Temperature Dependence of Elastic–Plastic Properties of Fine-Pitch SAC 0307 Solder Joint Using Nanoindentation Approach

Azman Jalar, Maria Abu Bakar, Roslina Ismail

Research output: Contribution to journalArticle

Abstract

This paper highlights the advantages of using the nanoindentation approach over the conventional method for the mechanical characterization of components used in electronic packaging. The limitation of the conventional method has become more critical with the miniaturization of electronic packages, giving inadequate information regarding the mechanical properties of metallurgical interconnections.
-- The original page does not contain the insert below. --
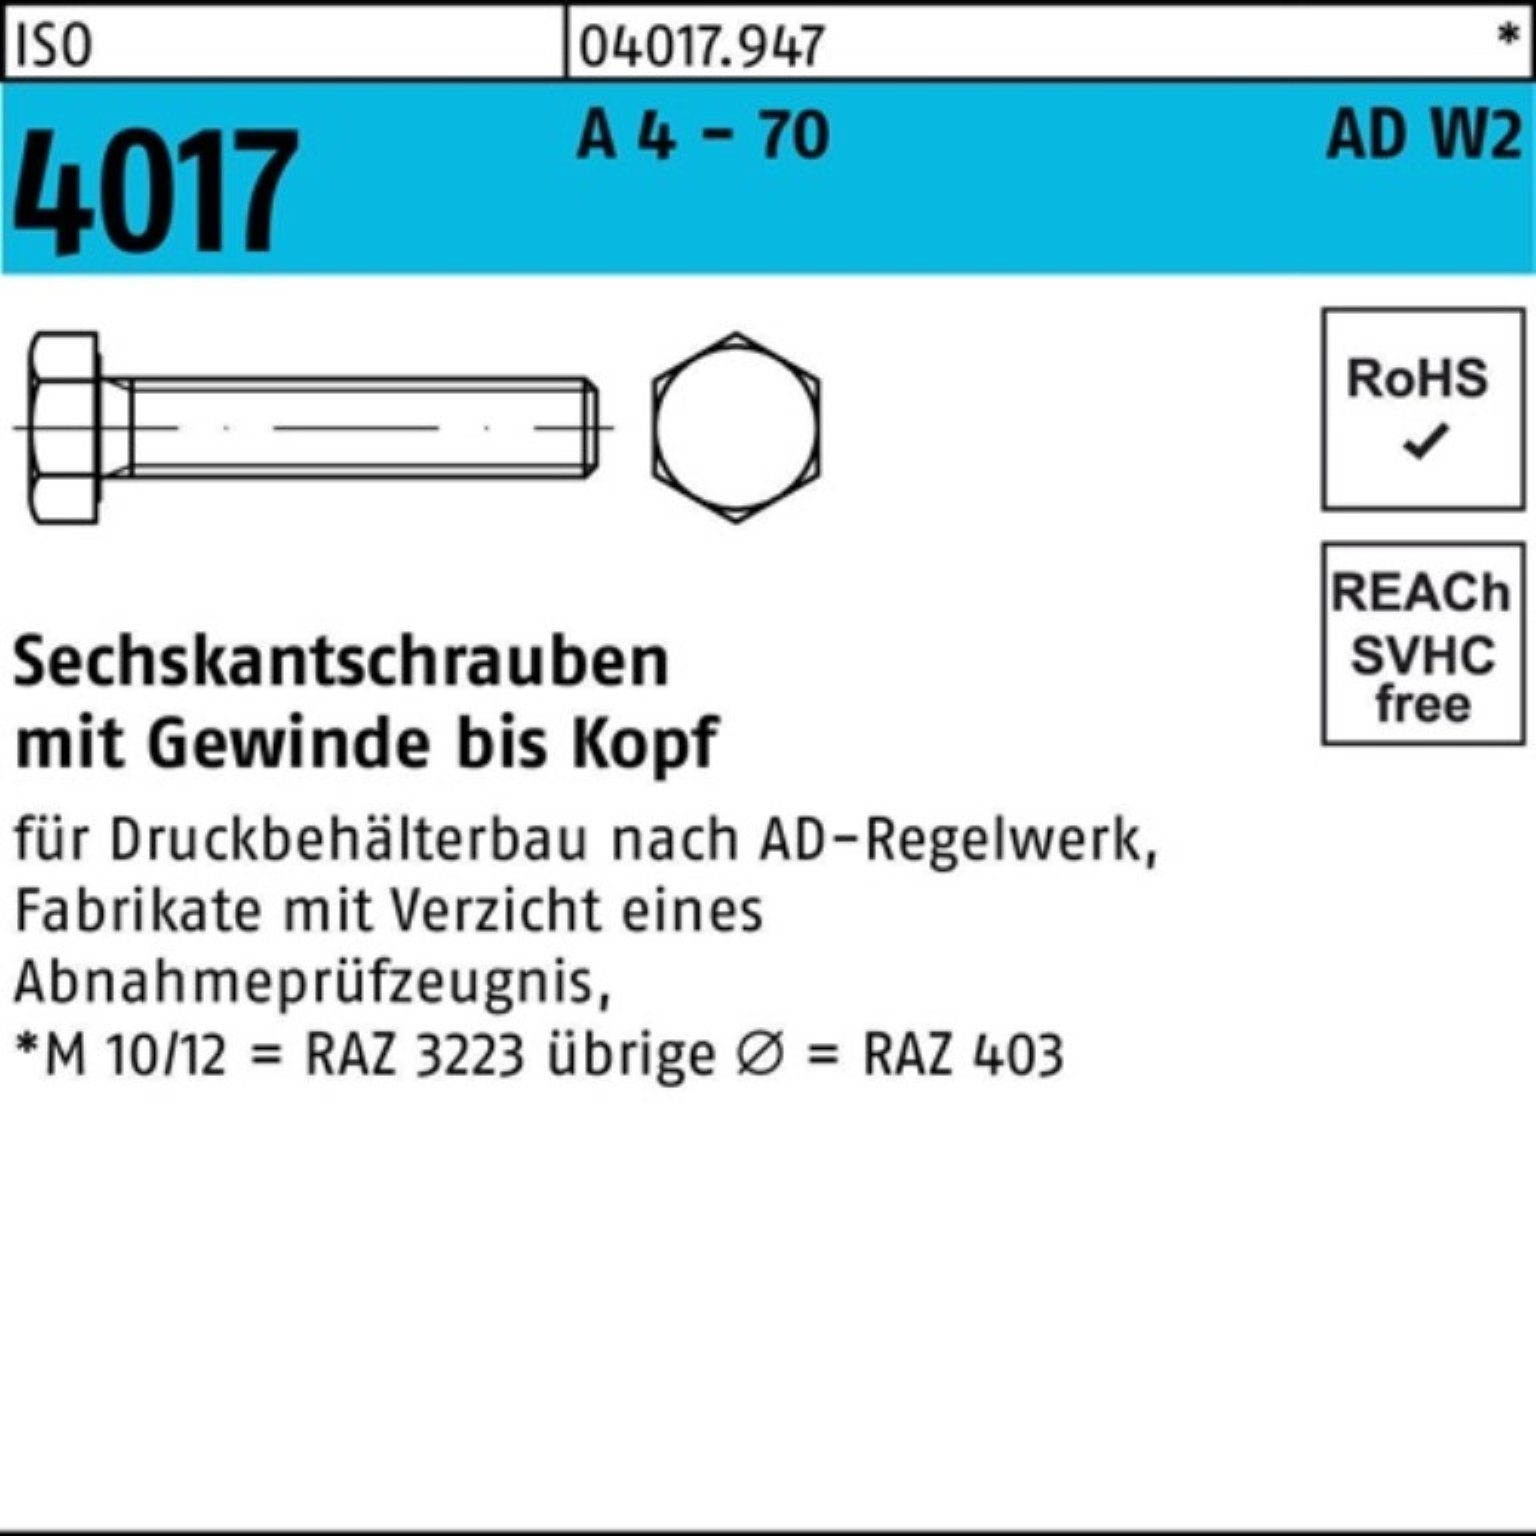 70 VG Bufab St Sechskantschraube 20 A 4017 ISO 200er Pack AD-W2 M6x 4 - Sechskantschraube 200

The load–displacement approach via nanoindentation was used in this study to determine the micromechanical properties of a fine-pitch solder joint subjected to aging for 1000 hours. This approach is more advantageous than tensile testing, as it focuses on the elastic behavior unlike that in conventional mechanical testing. The nanoindentation analysis results showed that the elastic–plastic behavior before failure can be assessed in a wide range of temperatures and thus help study the temperature dependence on the mechanical properties of fine-pitch solder joints. The characterization was done beyond the elastic range beforehand of conventional method. The modulus and hardness of the fine-pitch SAC 0307 solder joint decreased while its plastic and elastic behaviors became pronounced at higher aging temperatures. This implies that solder joints become weaker and less resilient with increasing temperature, at least for a duration of 1000 hours.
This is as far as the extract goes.